Researchers from the University of Cambridge and Google DeepMind have created a new framework to scientifically test the "personality" of artificial intelligence chatbots. This study is the first to validate such a personality test for large language models (LLMs), which power popular AI chatbots like ChatGPT.
The team assessed 18 different LLMs using methods similar to those used in human psychological testing. They found that larger, instruction-tuned models such as GPT-4o closely mimicked human personality traits, and these traits could be deliberately influenced through specific prompts. This means that a chatbot’s apparent personality can be both measured and shaped with precision.
The findings were published in Nature Machine Intelligence. The researchers caution that shaping chatbot personalities could make them more persuasive, raising ethical concerns about potential manipulation and risks related to "AI psychosis." They argue that regulation is needed to ensure transparency and prevent misuse of these technologies.
The dataset and code for their personality testing tool are publicly available, which the researchers say could help audit advanced AI models before public release.
Gregory Serapio-García from the Psychometrics Centre at Cambridge Judge Business School said: “It was intriguing that an LLM could so convincingly adopt human traits. But it also raised important safety and ethical issues. Next to intelligence, a measure of personality is a core aspect of what makes us human. If these LLMs have a personality – which itself is a loaded question – then how do you measure that?”
Serapio-García added: “The pace of AI research has been so fast that basic principles of measurement and validation we’re accustomed to in scientific research has become an afterthought. A chatbot answering any questionnaire can tell you that it’s very agreeable, but behave aggressively when carrying out real-world tasks with the same prompts.
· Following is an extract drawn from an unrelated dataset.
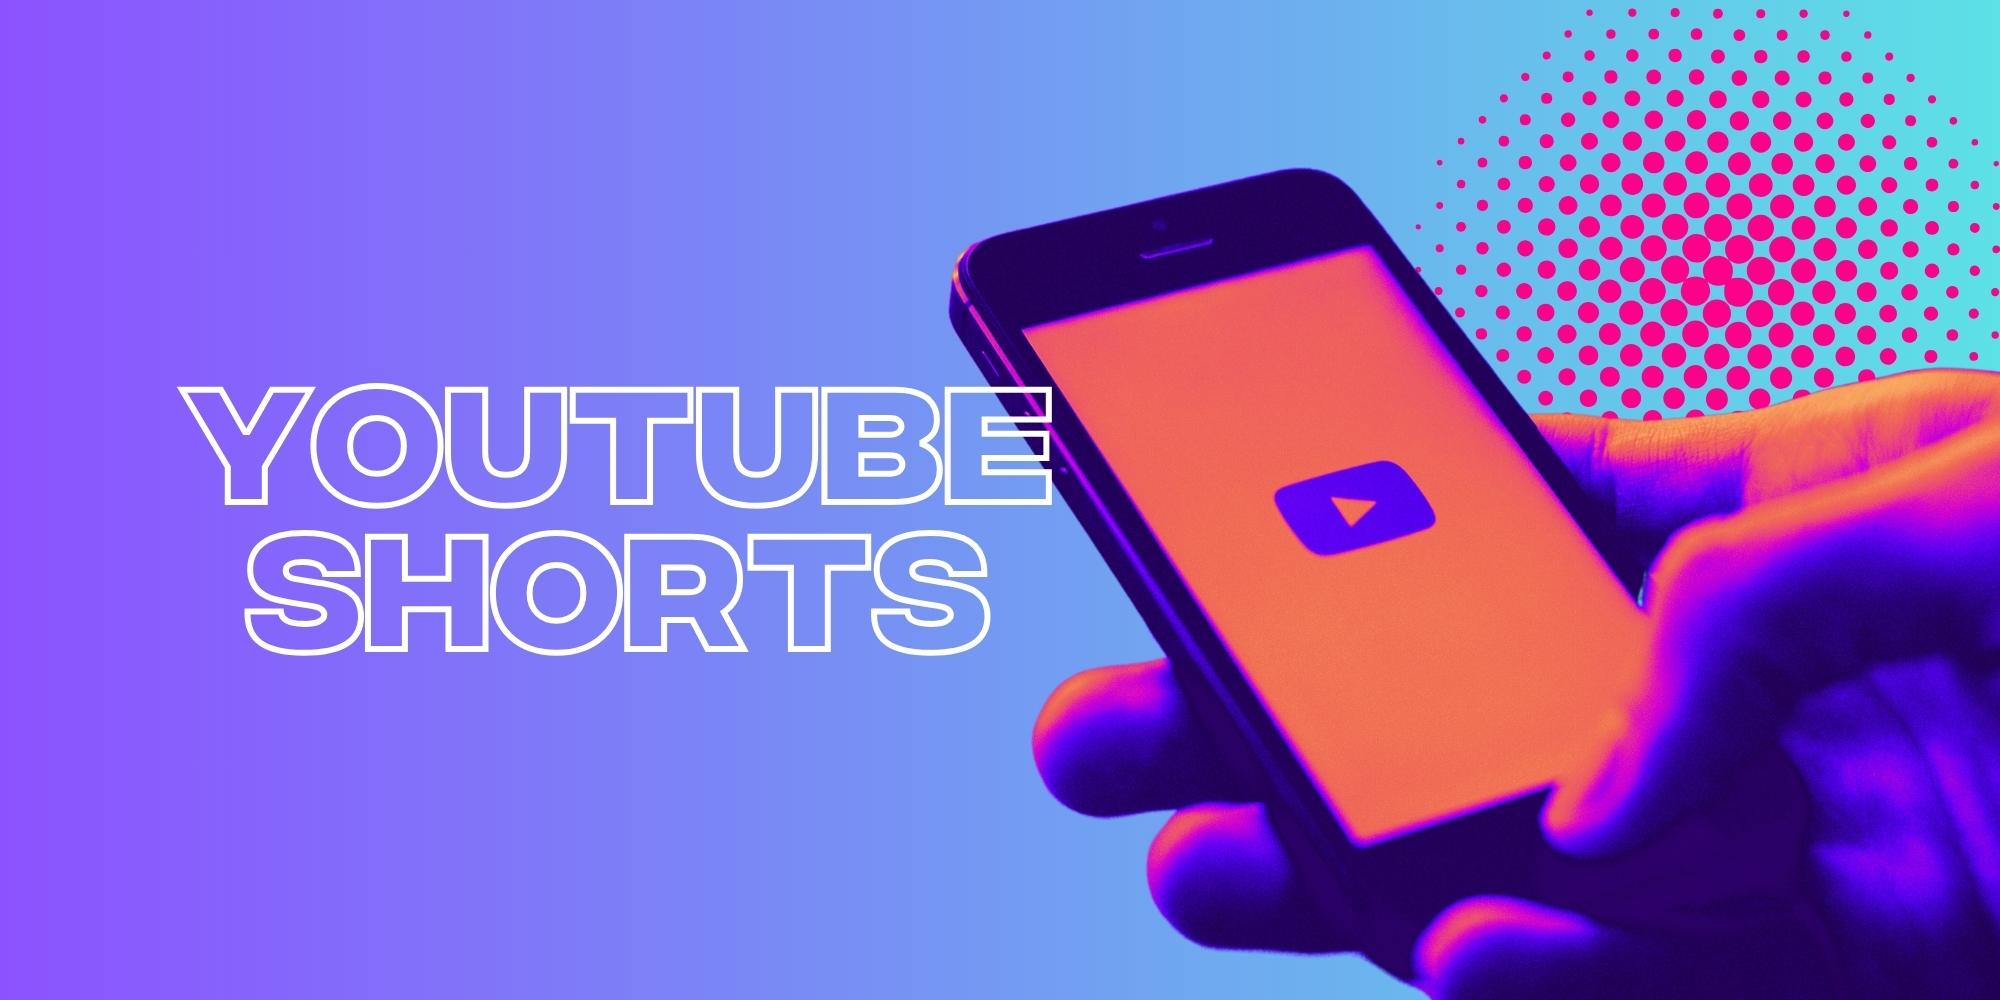 News Just In: This Is How To Leverage YouTube Shorts

“This is the messy reality of measuring social constructs: they are dynamic and subjective, rather than static and clear-cut. For this reason, we need to get back to basics and make sure tests we apply to AI truly measure what they claim to measure, rather than blindly trusting survey instruments – developed for deeply human characteristics – to test AI systems.”
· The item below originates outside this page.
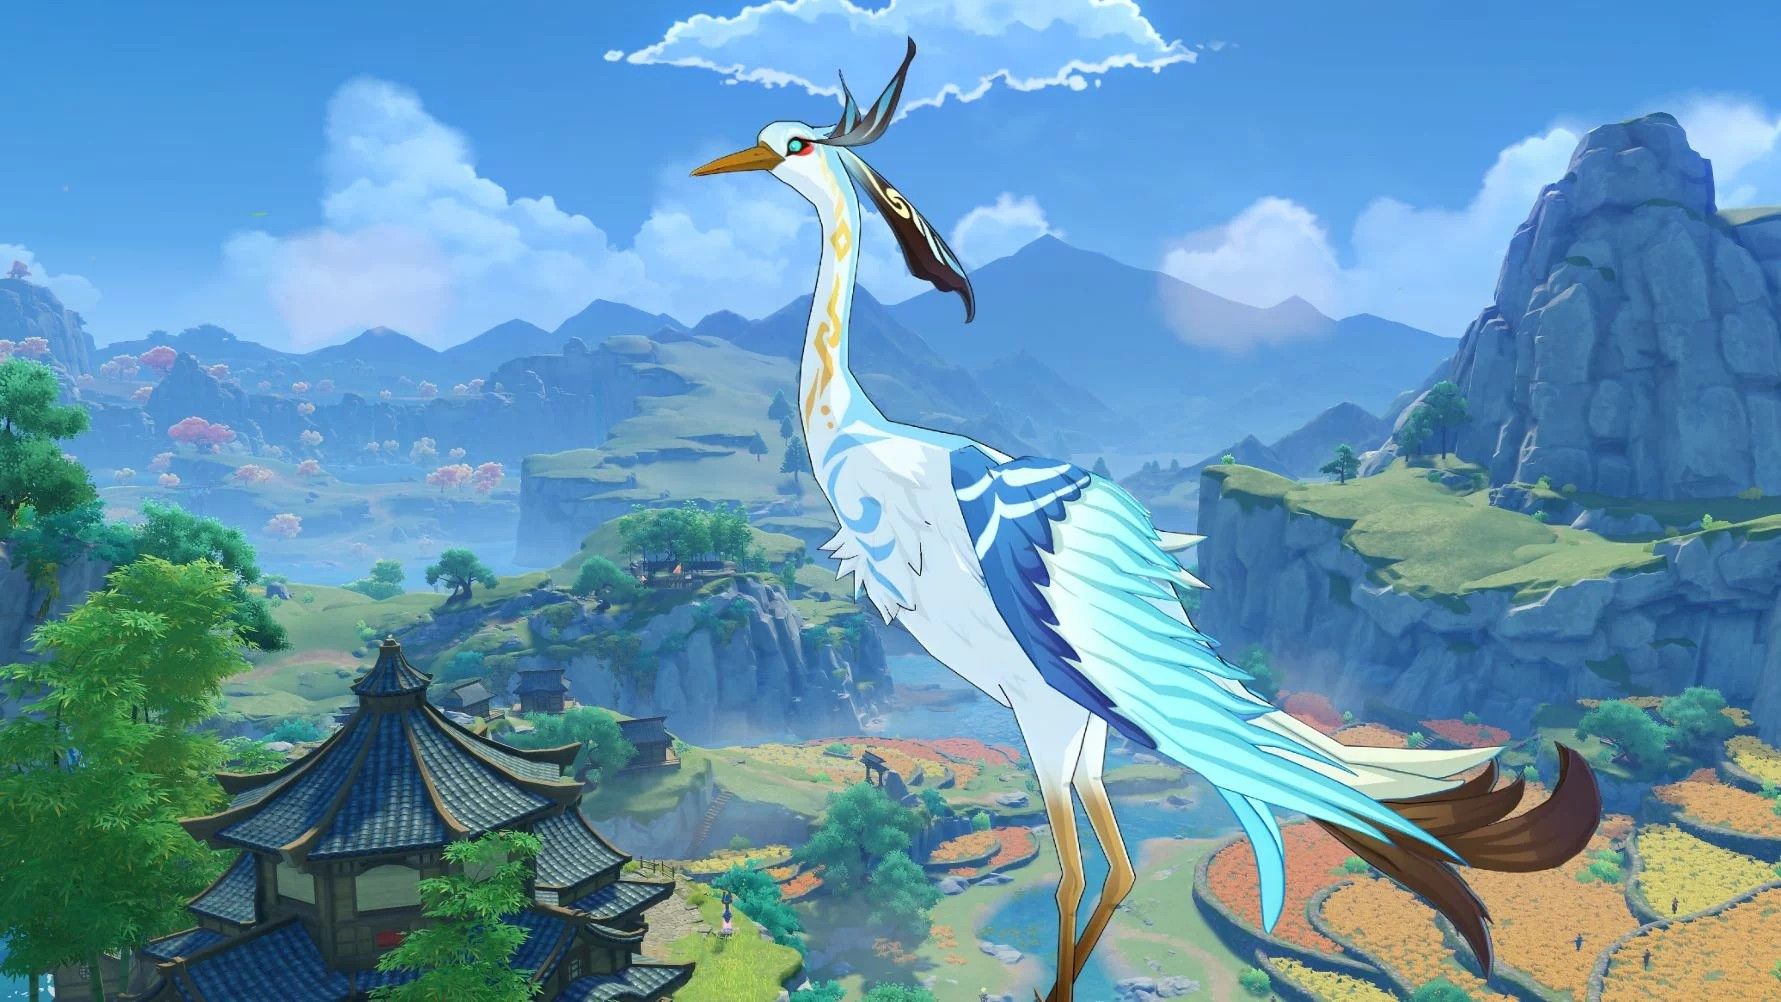 Cloud Retainer's crane form in Genshin Impact, overseeing the Liyue landscape.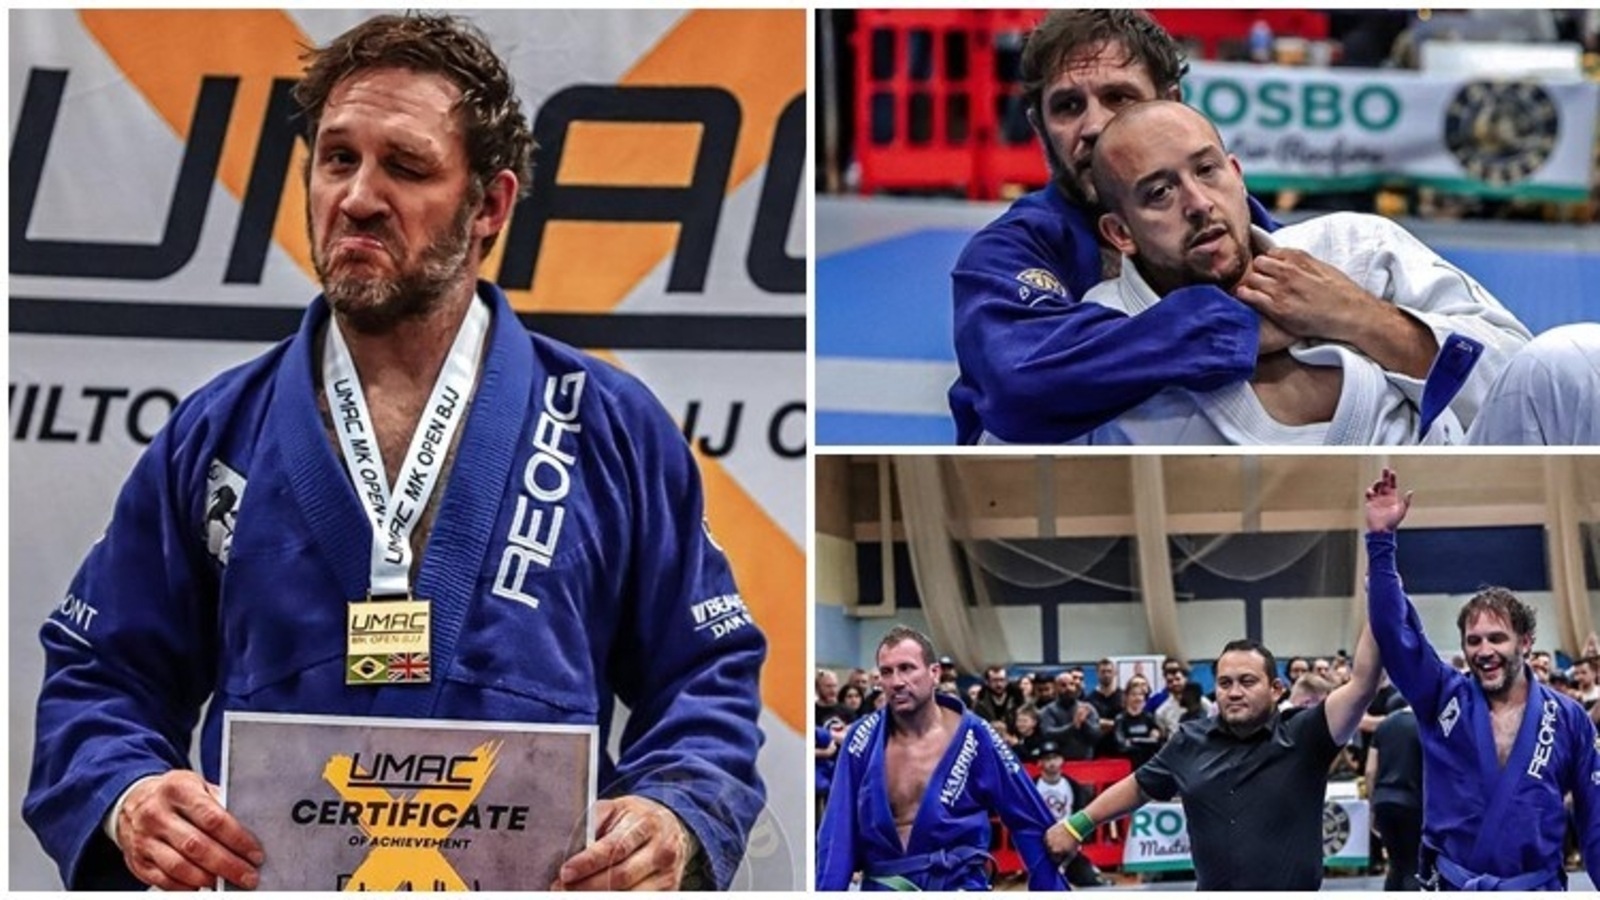 hollywood-star-tom-hardy-wins-jiu-jitsu-competition-earns-opponent-s-respect

To evaluate chatbot personalities, researchers adapted two well-known tests—the Revised NEO Personality Inventory (300 questions) and the Big Five Inventory—and administered them via structured prompts across various LLMs. By using consistent contextual prompts across tests, they quantified how reliably models displayed traits like extraversion or agreeableness on separate assessments.
Results showed larger instruction-tuned models produced reliable results predictive of behavior; smaller or base models did not perform consistently.
Further experiments demonstrated that model personalities could be adjusted along nine levels for each trait by altering prompts—making chatbots appear more extroverted or emotionally unstable in tasks such as composing social media posts.
Serapio-García explained: “Our method gives you a framework to validate a given AI evaluation and test how well it can predict behaviour in the real world. Our work also shows how AI models can reliably change how they mimic personality depending on the user, which raises big safety and regulation concerns, but if you don’t know what you’re measuring or enforcing, there’s no point in setting up rules in the first place.”
The research received support from Cambridge Research Computing Services (RCS), Cambridge Service for Data Driven Discovery (CSD3), Engineering and Physical Sciences Research Council (EPSRC), Science and Technologies Facilities Council (STFC), part of UK Research and Innovation (UKRI). Gregory Serapio-García is affiliated with St John’s College at Cambridge.